Inloggen
AAFFIENA - ID 4


Kroniekberichten

Datum 11 november 1898
Krant PGC - Provinciale Groninger Courant
Type bericht Binnenlandse berichten, diverse

Delfzijl, 10 november. De te Groningen thuisbehorende ijzeren gaffelschoener AAFFIENA, kapt. J. Brouwer, met een lading hout van Lauervig naar Leer bestemd, waarover men zich ongerust maakte, is gister hier behouden aangekomen.

Afbeelding
Datum 10 april 1912
Krant NNO - Nieuwsblad van het Noorden
Type bericht Binnenlandse berichten, diverse

Zierikzee, 7 april. Na aan de grond gezeten te hebben is hier binnengesleept (opm: door het stoomschip SPHINX) het schoenerschip AAFFIENA, kapt. Gorter, met bouwmaterialen van Andernach naar Frankrijk. Het schip is lek en moet de lading lossen.

Afbeelding
Datum 23 april 1912
Krant TEL - De Telegraaf
Type bericht Uitspraak Raad voor de Scheepvaart (bijvoegsel Staatscourant)

Stranding Schoenerschip AAFFIENA. De Raad voor de Scheepvaart onderzocht het stranden nabij Zierikzee op 8 april jl. van het schoenerschip AAFFIENA, schipper J.M. de Jonge te Veendam, reder G.W. Gorter te Groningen. De schoeneraak AAFFIENA meet bruto 99 register tonnen en voert aan zeilen een bezaan, een groot zeil, een stagfok, een kluiver en een buitenkluiver. De reder was aan boord, zo'n beetje als kapitein hoewel bij geen diploma's had, doch de eigenlijke kapitein acht hem wel bekwaam. Dan waren er verder aan boord, behalve de reder en de kapitein, twee jongens van 15 en 16 Jaar. Men kwam van Andernach langs de Rijn en ging naar Dordrecht om vandaar naar de Normandische kust te gaan, doch toen men reeds eenmaal uitgevaren was, keerde men terug vanwege het slechte weer. Men had Engelse kaarten aan boord en een kompas waarover gepeild kan worden. In Dordrecht had men het schip zeeklaar gemaakt. Toen men voor goed uitvoer, was het weer nog al ruw. Men had dan ook twee reven in 't grootzeil. Toch ging men uit, doch voor Schouwen weigerde het schip over stag te gaan toen het stuurboord over lag. De reder stond aan het roer, de kapitein vóór aan de zeilen met de jongens. De kapitein liet nog een anker vallen, doch dat hield niet en men strandde.

Afbeelding
Datum 24 april 1912
Krant NRC - Nieuwe Rotterdamsche Courant
Type bericht Uitspraak Raad voor de Scheepvaart (bijvoegsel Staatscourant)

Raad voor de Scheepvaart.

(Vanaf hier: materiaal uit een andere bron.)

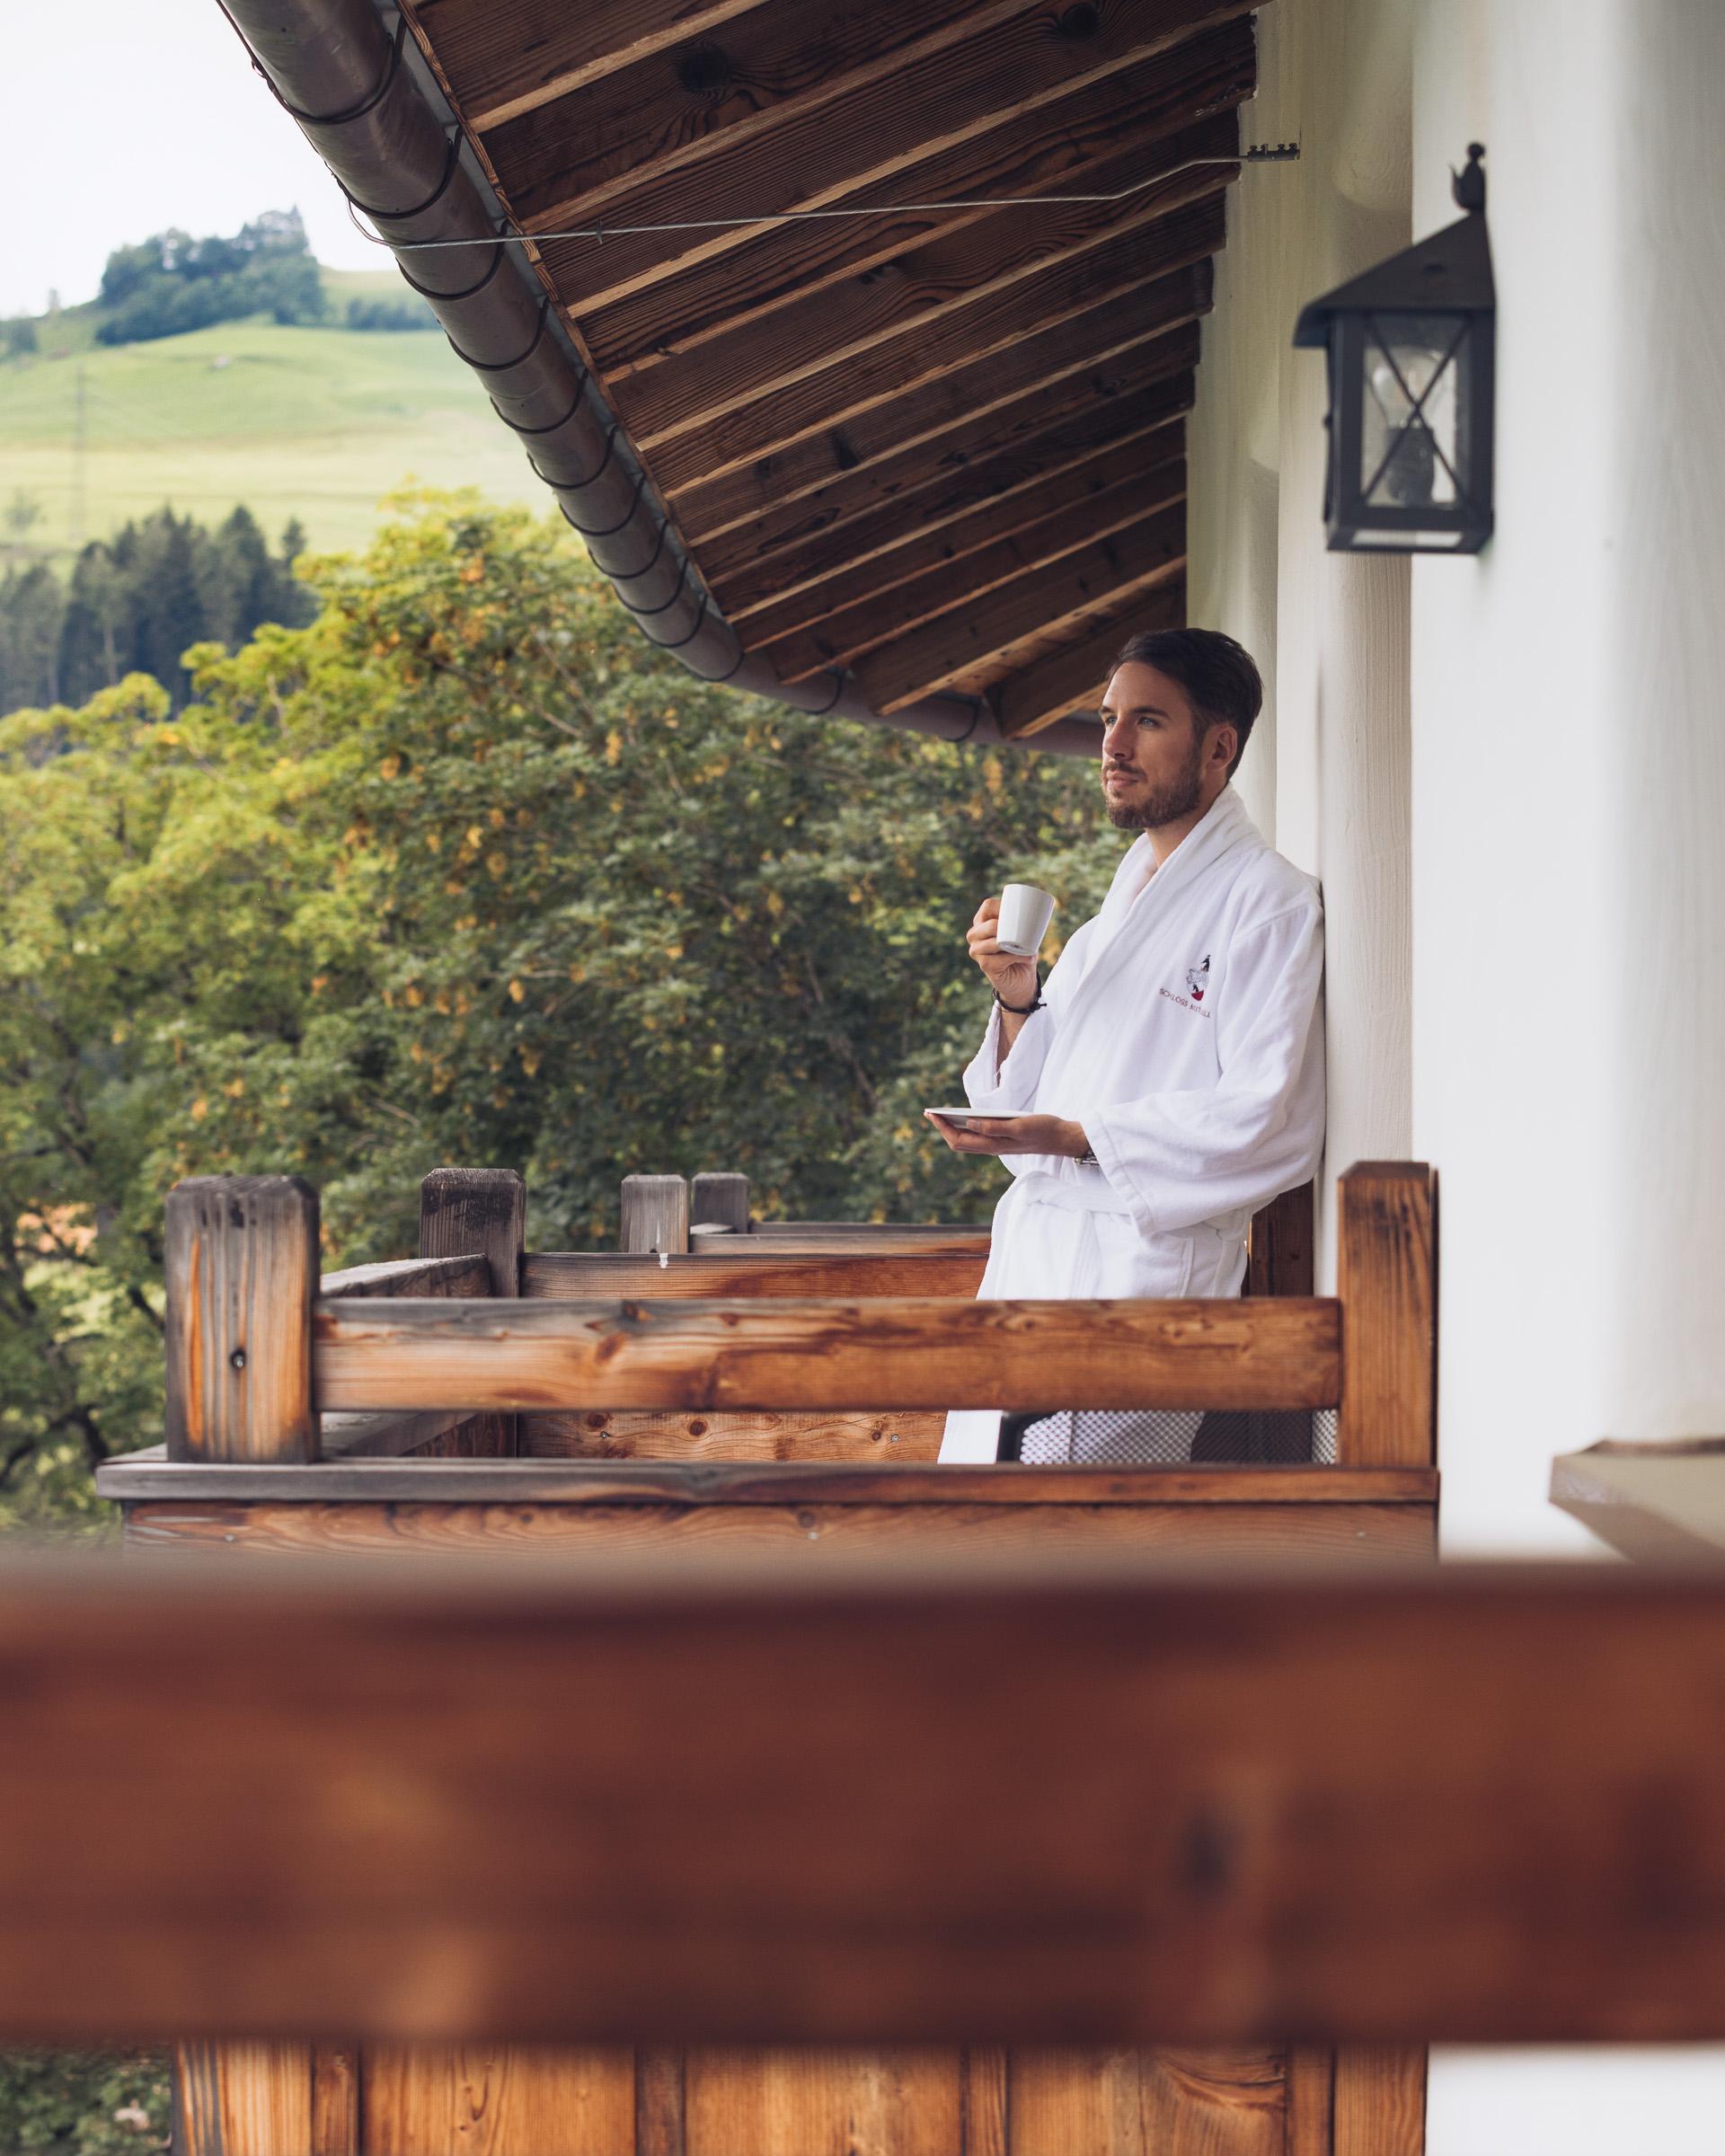 Balkon Hotel Sebastian Schmidt by Rose Time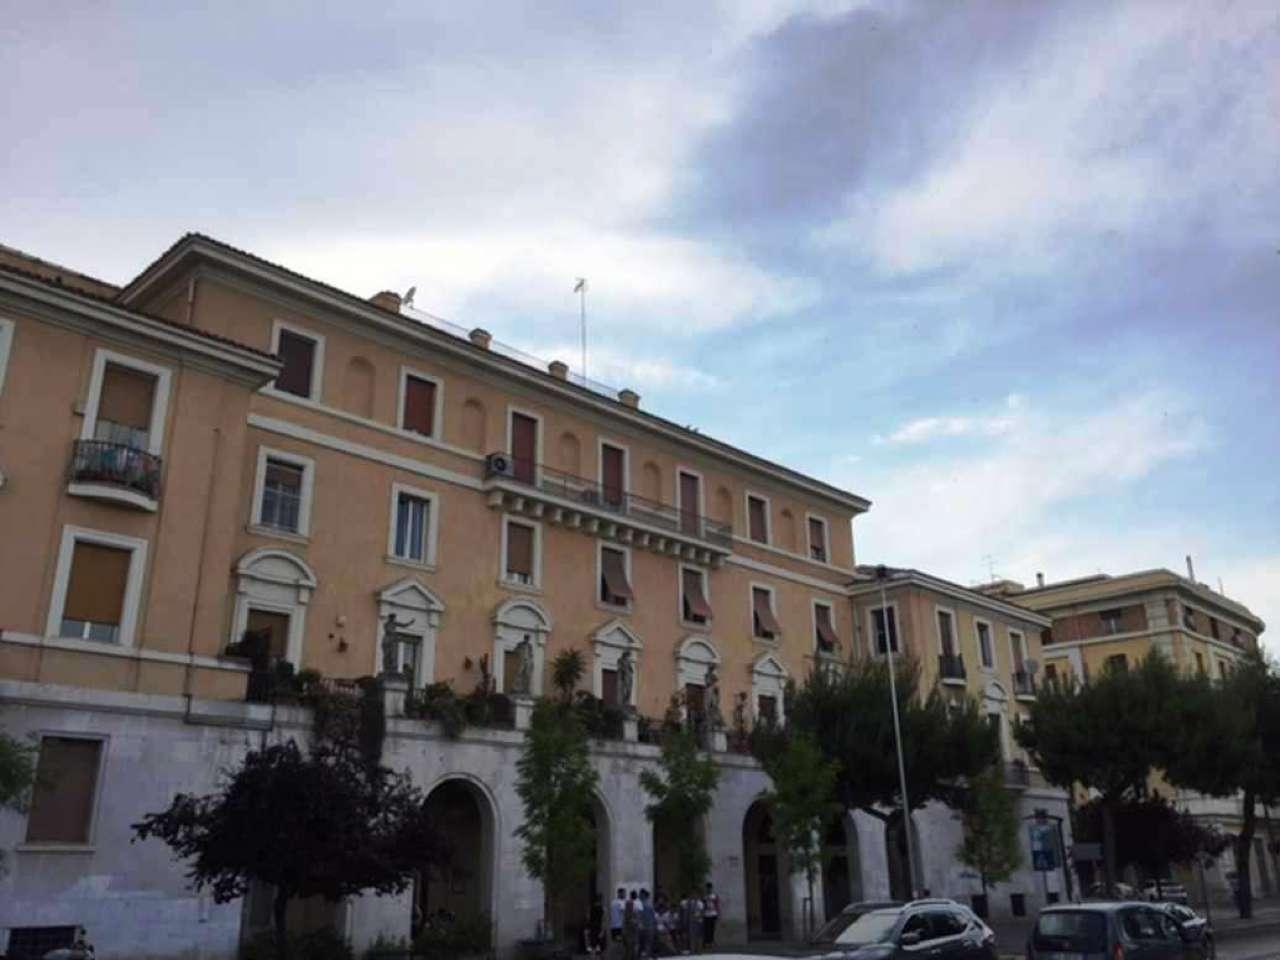 Appartamento in vendita a Foggia, 3 locali, prezzo € 130.000 | CambioCasa.it

De Raad heeft gisteren een onderzoek ingesteld naar de stranding bij Zierikzee op 8 april van het schoenerschip AAFFIENA, schipper J.M. de Jonge te Veendam, reder G.W. Gorter te Groningen.
De gezagvoerder deelde mede, dat de eigenaar Gorter die zich aan boord bevond, gemonsterd was. Hij speelde eigenlijk baas, hoewel hij geen radicaal had, maar volgens getuige, die inderdaad eigenlijk stuurman was, verstond de man zijn vak goed. Er waren verder nog twee matrozen aan boord, jongens van 15 en 16 jaar. De reis ging van Andernach naar Normandië. Over de rivier was de AAFFIENA naar Dordt gevaren, en daar opgetuigd voor de zeereis. Ook was daar gemonsterd.
Bij tamelijk ruw weer voer men uit. Voor Schouwen weigerde het schip over stag te gaan door de hoge zeeën. Gorter stond aan het roer, getuige was met de jongens aan de zeilen bezig. Men liet het anker vallen, doch dit hield niet; het schip geraakte toen aan de grond. Door het tij geraakte het los, maar werd daarna weer op de zeewering geworpen, waar het afgesleept is om naar Zierikzee te worden gebracht.
Op desbetreffende vragen van de voorzitter deelde getuige nog mede, dat het schip spoedig weer van Zierikzee zal uitvaren. Een van de jongens gaat niet mee of hij vervangen zal worden door een bevaren man weet getuige niet.
Vervolgens werd Gorter gehoord, die mededeelde als opvarend reder te zijn gemonsterd door de waterschout te Dordrecht. Volgens hem was De Jong schipper en voerde deze ook inderdaad het bevel over het schip. Getuige heeft altijd gevaren, maar is niet op de zeevaartschool geweest, omdat hij afgekeurd is voor zijn ogen. Zijn werk aan boord bestond o.a. in het wachtlopen. De genomen maatregelen neemt getuige voor zijn verantwoording.
De Raad zal later uitspraak doen.

Afbeelding
Datum 14 mei 1912
Krant NNO - Nieuwsblad van het Noorden
Type bericht Uitspraak Raad voor de Scheepvaart (bijvoegsel Staatscourant)

Raad voor de Scheepvaart. De Raad voor de Scheepvaart te Amsterdam deed heden uitspraak in zake de stranding van het schip AAFFIENA, kapt, J.M. de Jonge van Veendam, reder G.W. Gorter te Groningen. De Raad, oordeelde dat de reder het bevel niet had mogen voeren en berispte hem wegens verschillende feiten die niet van zeemanschap getuigen.

Afbeelding
Datum 15 mei 1912
Krant NRC - Nieuwe Rotterdamsche Courant
Type bericht Uitspraak Raad voor de Scheepvaart (bijvoegsel Staatscourant)

Raad voor de Scheepvaart. De Raad heeft uitspraak gedaan in de zaak van de stranding van de schoeneraak AAFFIENA, reder G.W. Gorter te Groningen, schipper J.M. de Jonge te Veendam. De AAFFIENA is op 8 april bij Zierikzee gestrand.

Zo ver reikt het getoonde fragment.